Het boek is een echt koloniaal jeugdboek. De vanzelfsprekendheid van de overheersing van de Hollanders staat centraal, zij zijn de leiders, de inlanders hun ‘natuurlijke’ ondergeschikten. Ondanks de sterk koloniale strekking zitten er toch - maar deze gingen wellicht over de hoofden van de jeugdige lezers heen - kleine relativerende opmerkingen, kanttekeningen, in de vorm van kleine tussenzinnetjes in. Kennelijk kon de schrijfster, die al voor 1920 genoeg anti-koloniaal vuurwerk op haar naam had staan, het niet laten om iets daarvan te verwerken in het jeugdverhaal: Lien, hoe vreemd dit mag schijnen in het land, waar ieder driejarig kind zijn baboe pleegt te commandeeren, had nooit bevelen geleerd. Haar moeder was een te zelfstandige vrouw geweest om zich door welmeenende oudgasten te laten onderrichten, hoe een ‘inlander behandeld’ moest worden, [p. 70] Wanneer de schoolteam met moeite gehaald wordt door de Oedjoengscholieren, gaat Joop rustig op de rails zitten om de Javaanse machinist te dwingen te wachten: | ||
[pagina 40]
| ||
Joop is al lang genoeg in Indië om de verhouding van heerschend en onderworpen volk niet te doorgronden en hij is te weinig Don Quichot om daar niet met mate van te genieten. ‘Toenggoe sebentar’, zegt hij met een kalmte, die hij een half jaar geleden arrogantie genoemd zou hebben, [p. 84] De verschillende bevolkingsgroepen en hun cultuur worden over het algemeen niet onsympathiek, maar nogal bevoogdend beschreven.
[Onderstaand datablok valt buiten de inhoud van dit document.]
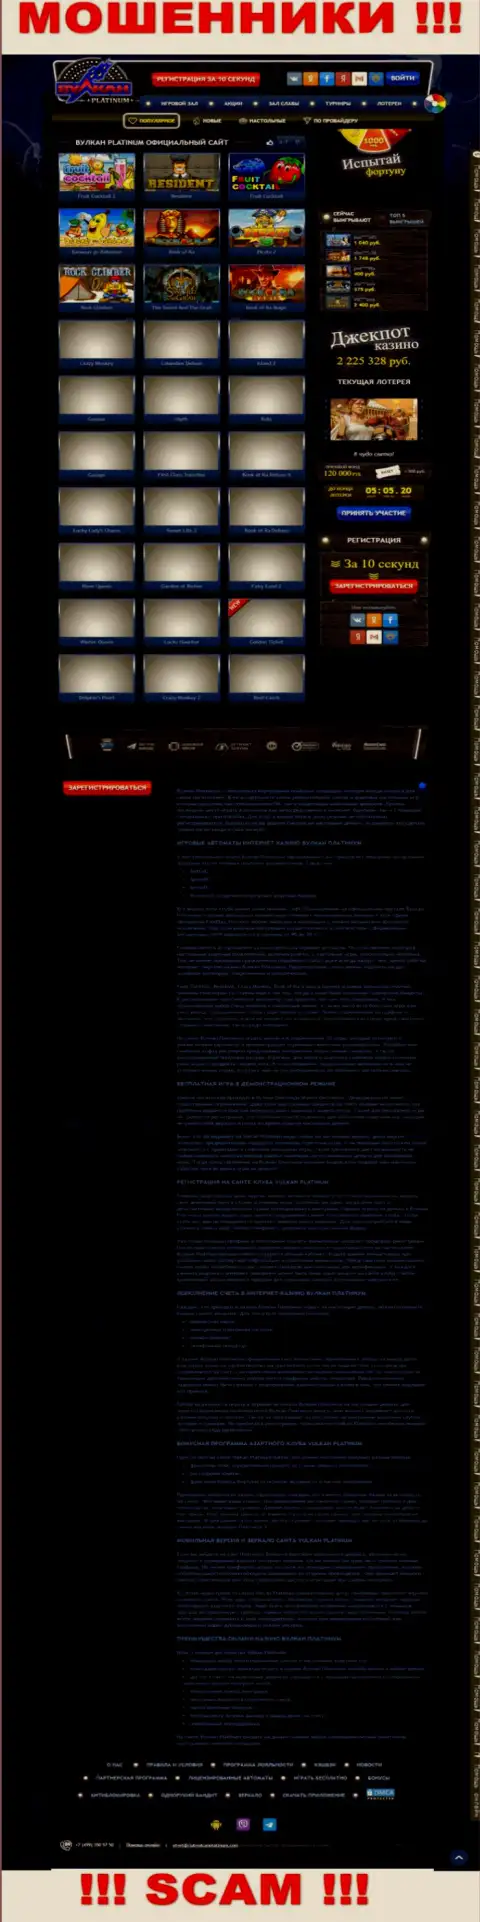 Скрин официального веб-сайта VulcanPlatinum - ClubVulcanPlatinum Com

Alle worden uiteraard vanuit het perspectief van de Hollanders gezien. Meestal worden zij, evenals hun bezittingen, met verkleinwoordjes aangeduid: warongmannetjes, winkeltjes, poppenhuisjes, dat gemoedelijke gedoetje van sjacherende Chineesjes... ‘maar waarin weken deze stalletjes verder af van die op het Waterlooplein en waarin verschilde hun sortering van die van een volkswarenhuis?’ (p. 60). De kokkie van de familie Gerber en haar rookhol, dat voor keuken moet doorgaan, wordt als volgt geschilderd: En daar is de heks. Een klein bruin-perkamenten vrouwtje in een kleurloos baadje, dat na een zingend uitgehaalde groet, peinzend in haar sambal-schaaltje bleef roeren, [p. 52] De heerlijke rijsttafel is echter bereid door dat zelfde heksje, dat zich kruipend voortbeweegt in haar rookhol en haar fornuis wordt door de Gerbertjes een Neander-dal-fornuis genoemd.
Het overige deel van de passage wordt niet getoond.